Monday, January 27, 2020

Re: How to express `foo = (bar < quox)` as a constraint

sorry i diin't read to Stephen his trik is even better hahahaha but with sigñal yo ca do other thing

El lun., 27 ene. 2020 a las 19:02, DANIEL URBANO DE LA RUA (<dannybombastic@gmail.com>) escribió:
you can do few thing at the same time in a model before save or whenever you want

El lun., 27 ene. 2020 a las 19:01, DANIEL URBANO DE LA RUA (<dannybombastic@gmail.com>) escribió:
it is goin to be better and less cost for the db 

El lun., 27 ene. 2020 a las 19:01, DANIEL URBANO DE LA RUA (<dannybombastic@gmail.com>) escribió:

El lun., 27 ene. 2020 a las 18:59, Stephen J. Butler (<stephen.butler@gmail.com>) escribió:
Frankly, if is_on_sale has such a tight constraint I wouldn't have it as its own column. Why not just make it an annotated field with an F expression?
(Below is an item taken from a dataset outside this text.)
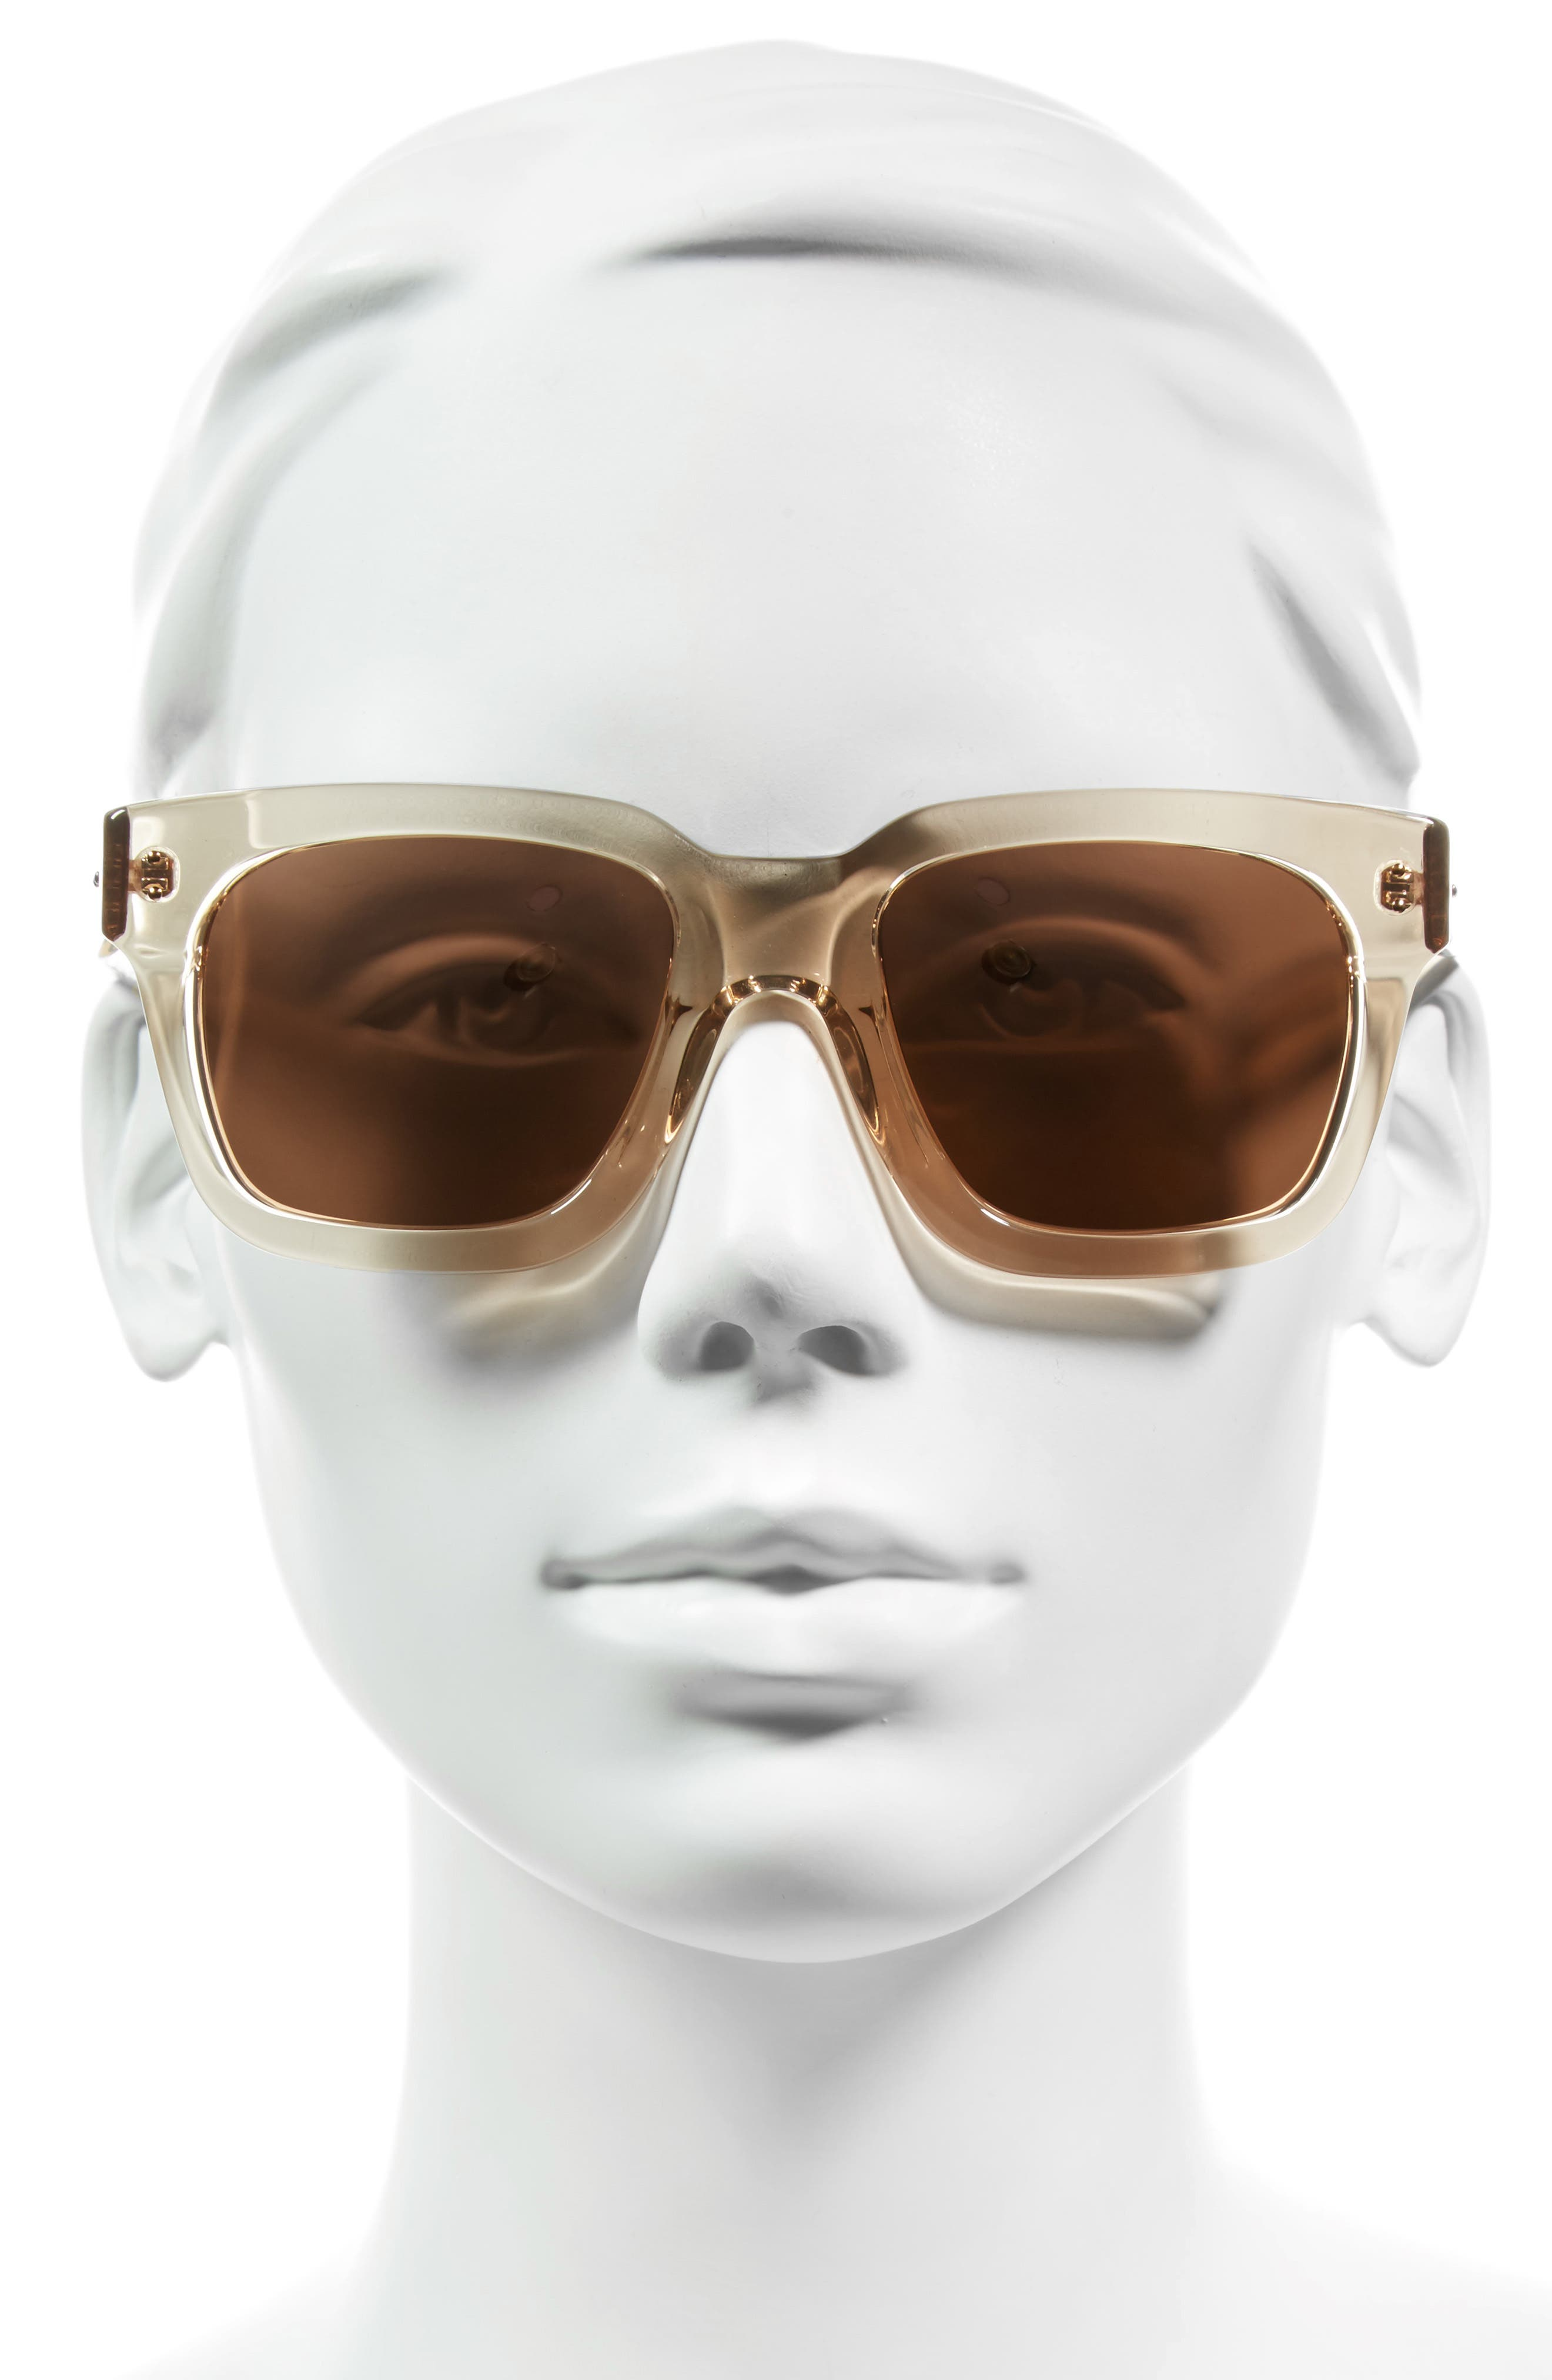 50mm Sunglasses,                             Alternate thumbnail 2, color,                             020
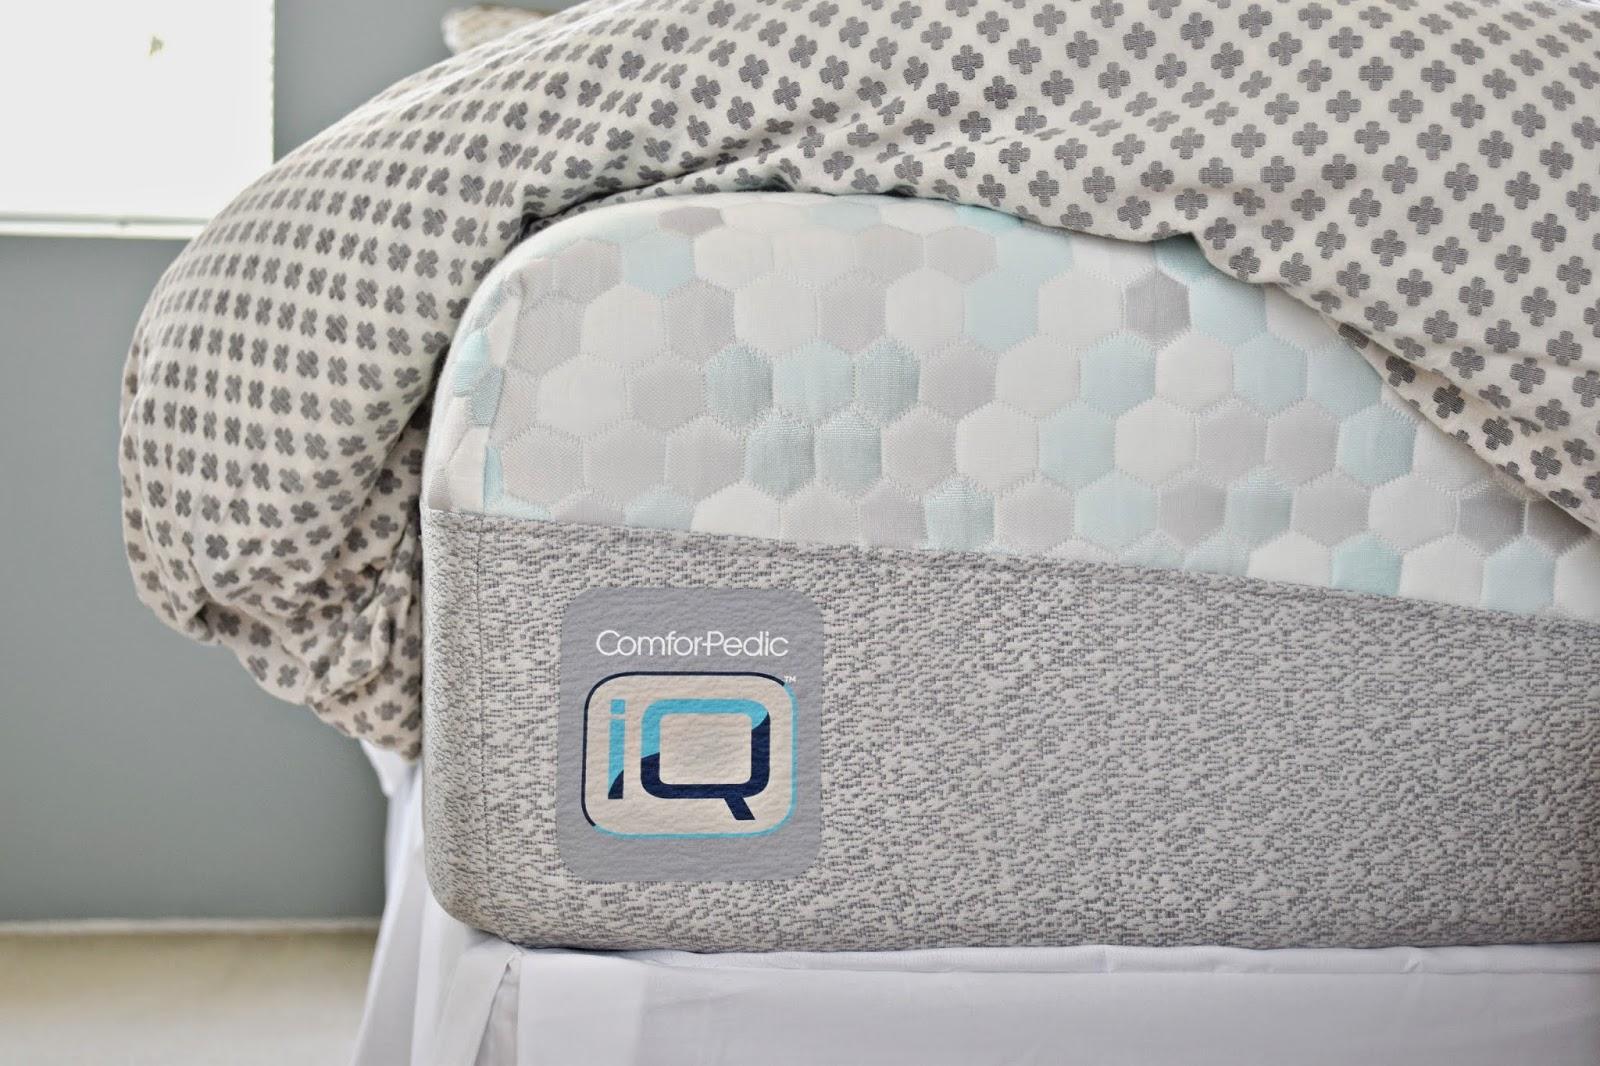 Mommy Testers, Simmons ComforPedic iQ, Comforpedic iQ mattress, ComforPedic iQ review, #UpgradeYourSleep

Item.objects.annotate(is_on_sale=(F('price') < F('full_price')))



On Mon, Jan 27, 2020 at 11:47 AM Peter Law <peter@thread.com> wrote:
Hi,

Thanks for adding support for check constraints in Django 2.2, it's
great to be able to move constraints into the model definitions.

I've been trying to work out how to express a constraint which
validates that the value of one field expresses a relation between two
other fields, but can't find a nice way to do so.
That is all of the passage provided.